Thursday, November 08, 2012

On myths ..

Oh, I'm hearing lots of myths being spread about cloud ... again. Let me see if I can't nail a few.

On Amazon
AWS wasn't about selling spare capacity, it was built as a stand alone service.

On Utility
All activities would appear to evolve, the end state is one of commodity and utility provision. What is happening today is simply a shift from products to utility services. We happen to call this "Cloud".

On Centralisation
Utility does not mean centralisation (or consolidation to a few providers), the two are entirely different and governed by different economic forces. A utility service can be provided by a large number of different providers in a market.

On Open Source
A market of utility compute providers needs to solve the issue of semantic interoperability. In practice, to create a "free" (as in non constrained) rather than captured market, the technology must be provided through an open source reference model.

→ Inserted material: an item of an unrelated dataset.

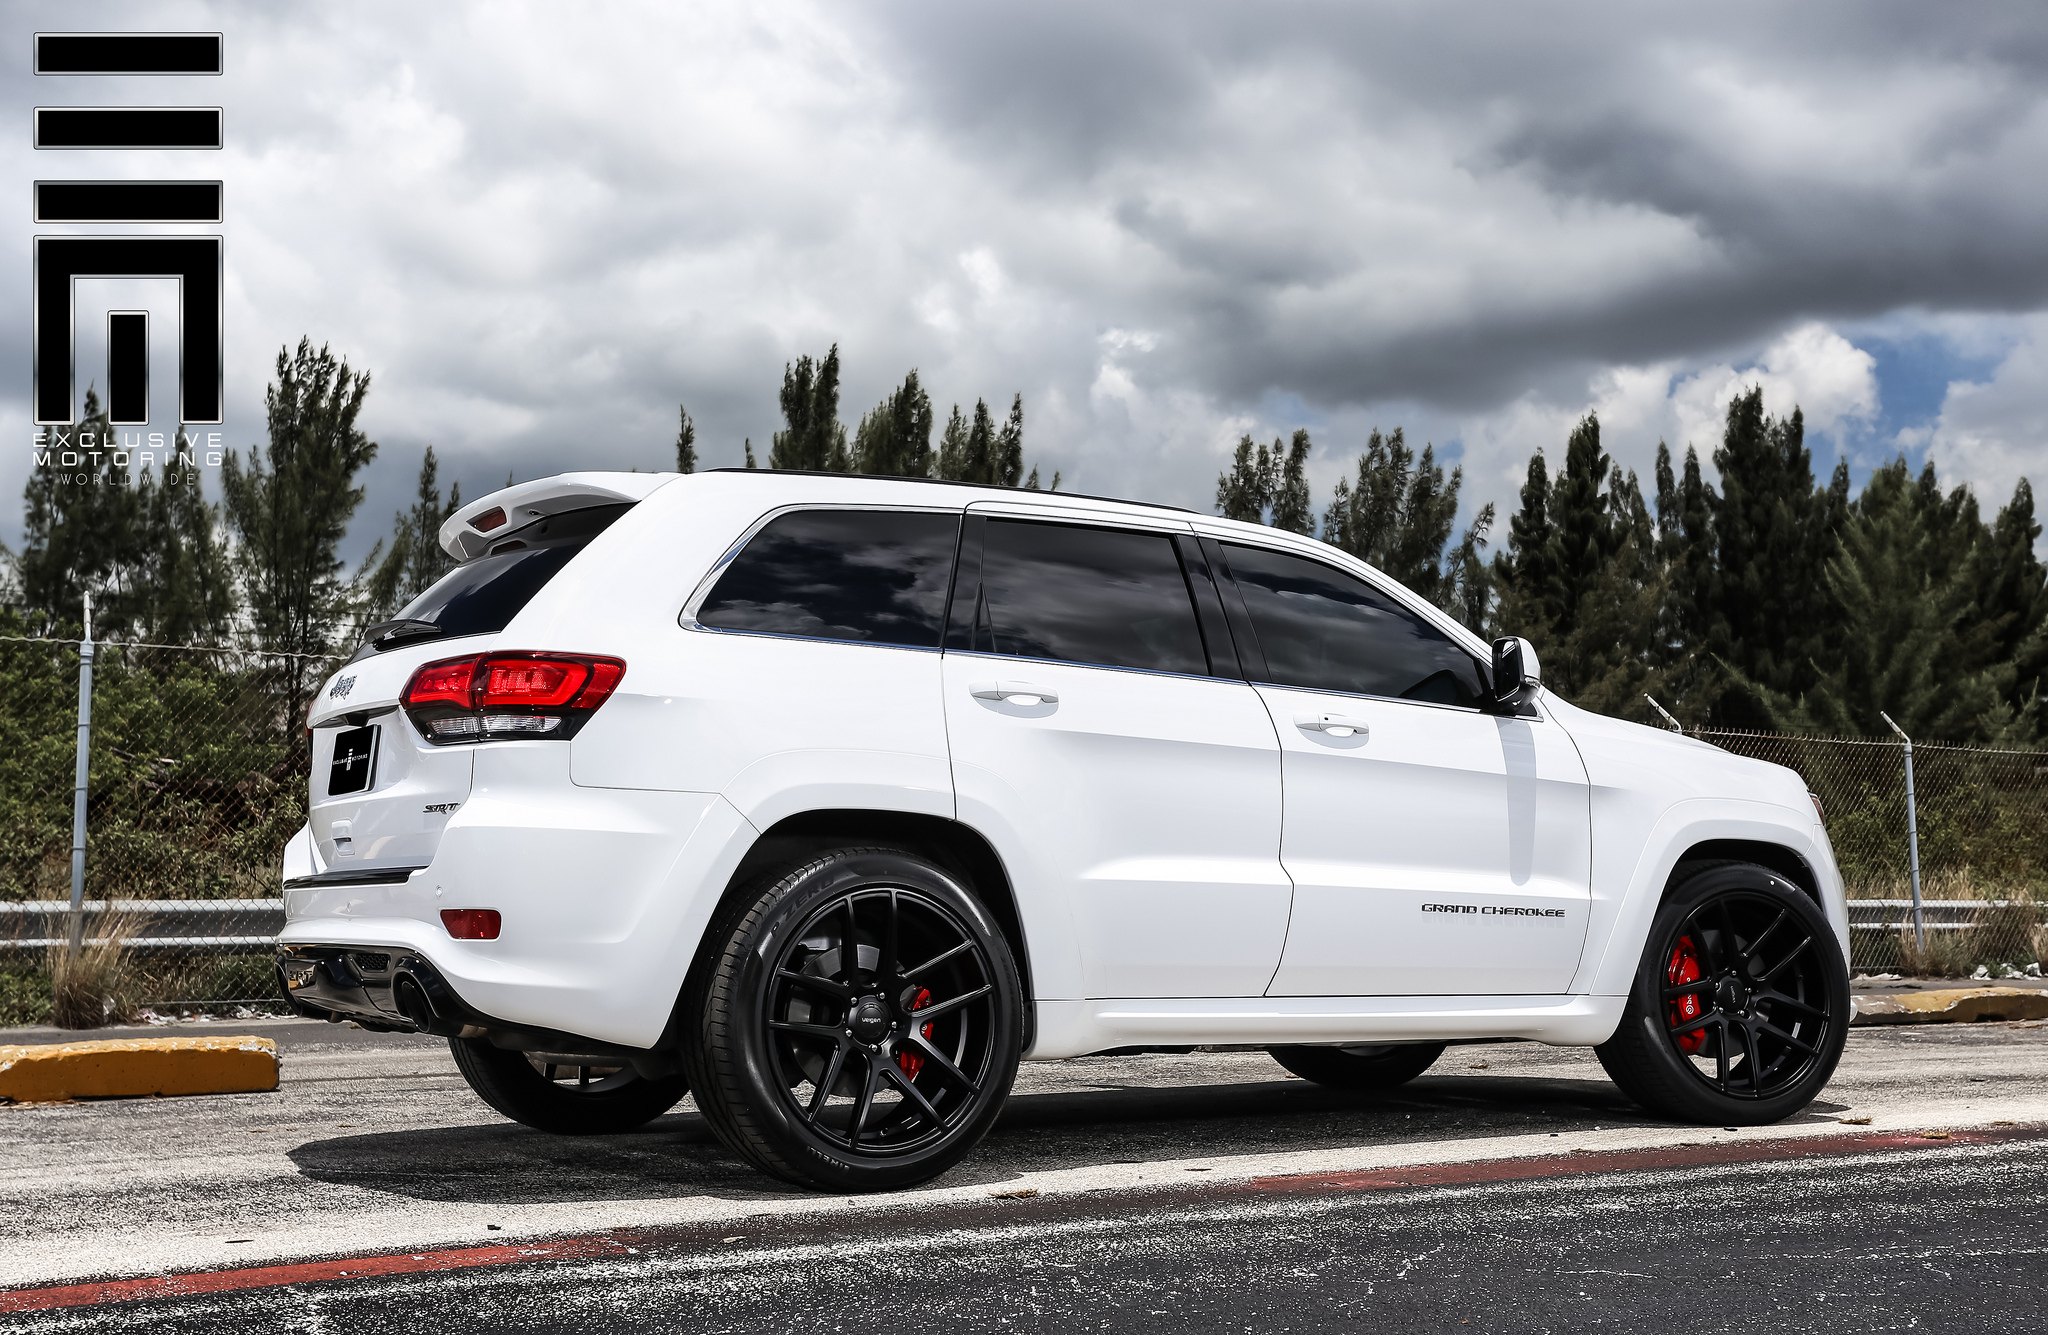 Jeep Grand Cherokee SRT With Black Rims and Red Brakes - Photo by Exclusive Motoring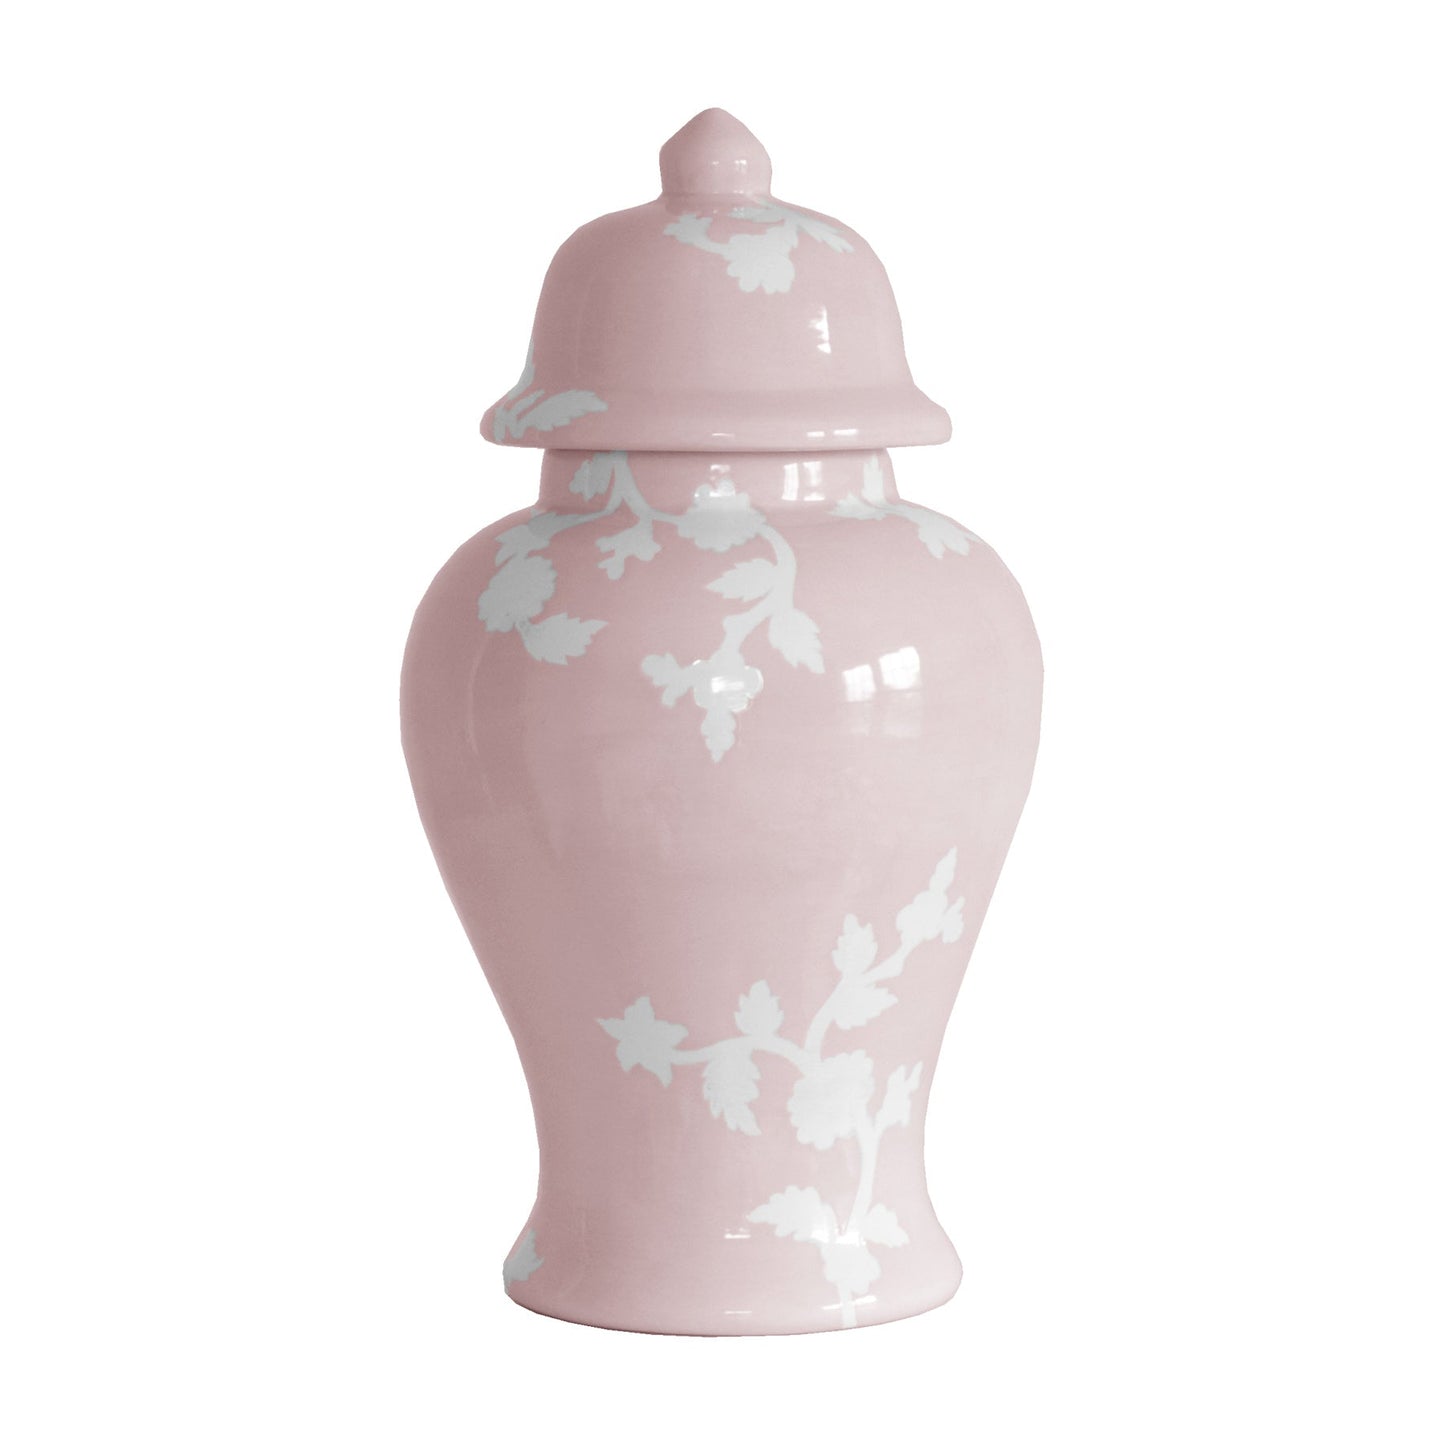 Chinoiserie Dreams Ginger Jars in Cherry Blossom Pink | Wholesale

Open Stack is guaranteed to win
So, can we assume that OpenStack will win because it plans to create a federated market based upon a common open source reference model ... err No. There's that little issue of execution.

Whilst an open source approach has all the right advantages, you cannot assume that this will be OpenStack for many reasons :-
  1. There are multiple competitors to OpenStack - CloudStack and Eucalyptus to name two. Each has the potential to build a market and competing ecosystem.
  2. The rate of innovation, customer focus and efficiency grows with the size of AWS's ecosystem and so critical to competition is building a bigger ecosystem. Without visibly co-opting the EC2 / S3 / EBS APIs then OpenStack will put itself at a disadvantage.
  3. It is likely that a price war will develop between AWS vs GCE which will only increase demand (Jevons' Paradox). If a competing ecosystem is not in place at this time, it will get left further behind.
  4. The scale advantage is not about efficiency alone but rate of innovation and customer focus. With big enough ecosystems then Amazon and Google can continually outstrip new competitors i.e. they will continually be further ahead and increasingly so. 
If you asked me back in 2010 should OpenStack win this game - I would have said that in all probability ... yes. Rick Clark was key in the project and he knew the game.  However, ask me that same question today and you'll get a different answer.

This isn't because the approach of building a competitive market around an open source reference model is wrong but instead the execution of this project.  Which is why I say they desperately need a Benevolent Dictator to get things sorted fast. Someone like Lew Tucker.